DPR-Pemerintah Belum Sepakat Soal Power Wheeling di RUU EBET, Asosiasi: Infrastruktur Belum Memadai
Power wheeling adalah mekanisme yang memungkinkan pihak swasta atau Independent Power Producer (IPP) untuk menjual listrik secara langsung ke konsumen
Penulis: Danang Triatmojo
Editor: Malvyandie Haryadi
Laporan Wartawan Tribunnews.com, Danang Triatmojo
TRIBUNNEWS.COM, JAKARTA - Rapat pengambilan keputusan tingkat I RUU EBET (Energi Baru Energi Terbarukan) dalam Raker Komisi VII DPR RI dengan Menteri ESDM, pada hari ini Rabu (18/9/2024) dibatalkan. Hal ini karena pemerintah dan DPR belum sepakat soal skema power wheeling.
Anggota Komisi VII DPR RI, Mulyanto, menjelaskan dengan pembatalan rapat pengambilan keputusan tingkat I hari ini, maka otomatis RUU EBET ini tidak dapat disahkan oleh DPR RI Periode 2019-2024.
Dia berharap dengan pembatalan ini pembahasan RUU EBET oleh DPR dan Pemerintah periode mendatang bisa semakin matang, terutama terkait norma power wheeling.
Sebagai informasi, power wheeling adalah mekanisme yang memungkinkan pihak swasta atau Independent Power Producer (IPP) untuk menjual listrik secara langsung kepada konsumen.
Dalam skema ini, pihak swasta dapat menggunakan jaringan transmisi dan distribusi milik PLN.
Ketua Umum Asosiasi Pengembang Pembangkit Listrik Tenaga Air (APPLTA) Zulfan Zahar menyatakan skema power wheeling belum layak diterapkan karena kondisi infrastruktur belum memadai di Indonesia.
“Kami terus terang tidak mendukung power wheeling karena produk listrik yang dihasilkan dalam kondisi infrastruktur yang belum memadai tidak akan layak secara komersial," kata Zulfan kepada wartawan, Rabu (18/9/2024).
Meski konsep ini bertujuan membuka peluang bagi sektor swasta, Zulfan menyebut tanpa infrastruktur transmisi yang memadai, produk listrik yang dihasilkan akan kehilangan daya saing.
Ia khawatir jika power wheeling diberlakukan, dan negara membuka peluang kerja sama dengan pihak swasta, kontrak tersebut tidak akan memiliki daya tarik komersial yang cukup kuat untuk mendapatkan dukungan pembiayaan dari perbankan.
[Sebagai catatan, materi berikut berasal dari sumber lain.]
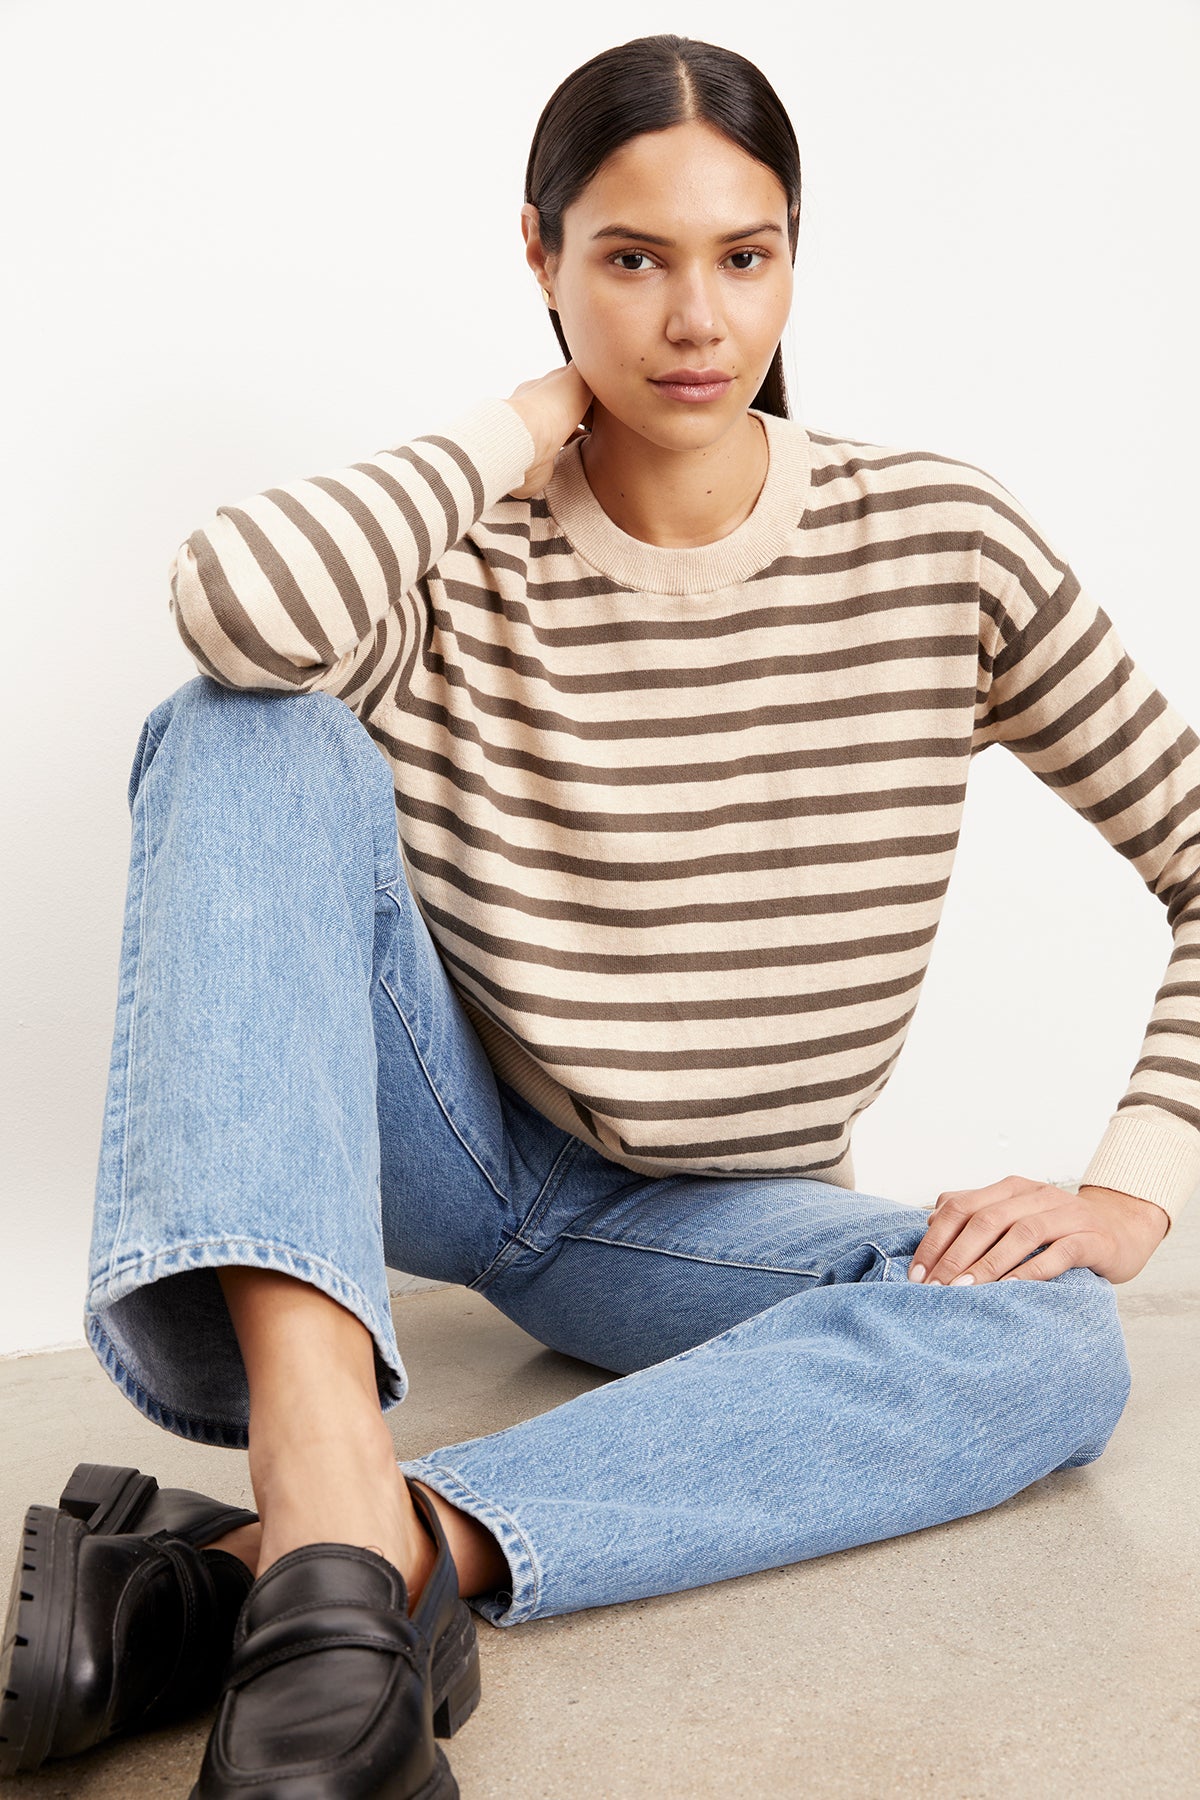   The model is wearing a Velvet by Graham & Spencer ALISTER STRIPED CREW NECK SWEATER and jeans.

"Saat ini, kami merasa kontrak dengan negara sudah cukup baik dan memberikan keamanan bagi pengembang. Tapi, jika kebijakan ini dibuka untuk kompetisi dengan pihak swasta melalui power wheeling, kami tidak yakin kontrak yang ada akan tetap bankable," kata Zulfan.
APPLTA pun berharap pemerintah dan DPR juga menunda implementasi kebijakan power wheeling hingga infrastruktur transmisi benar-benar siap dan produk listrik yang dihasilkan mampu bersaing.
Menurutnya penting ada diskusi lebih lanjut agar kebijakan tersebut tak diimplementasikan secara prematur, yang justru dapat membahayakan kelangsungan sektor kelistrikan di Indonesia.
"Kami berharap kebijakan ini ditunda sampai infrastruktur siap. Pemerintah harus diskusi untuk memastikan produk listrik dari skema ini dapat memenuhi standar komersial sebelum kebijakan ini diterapkan," tutupnya.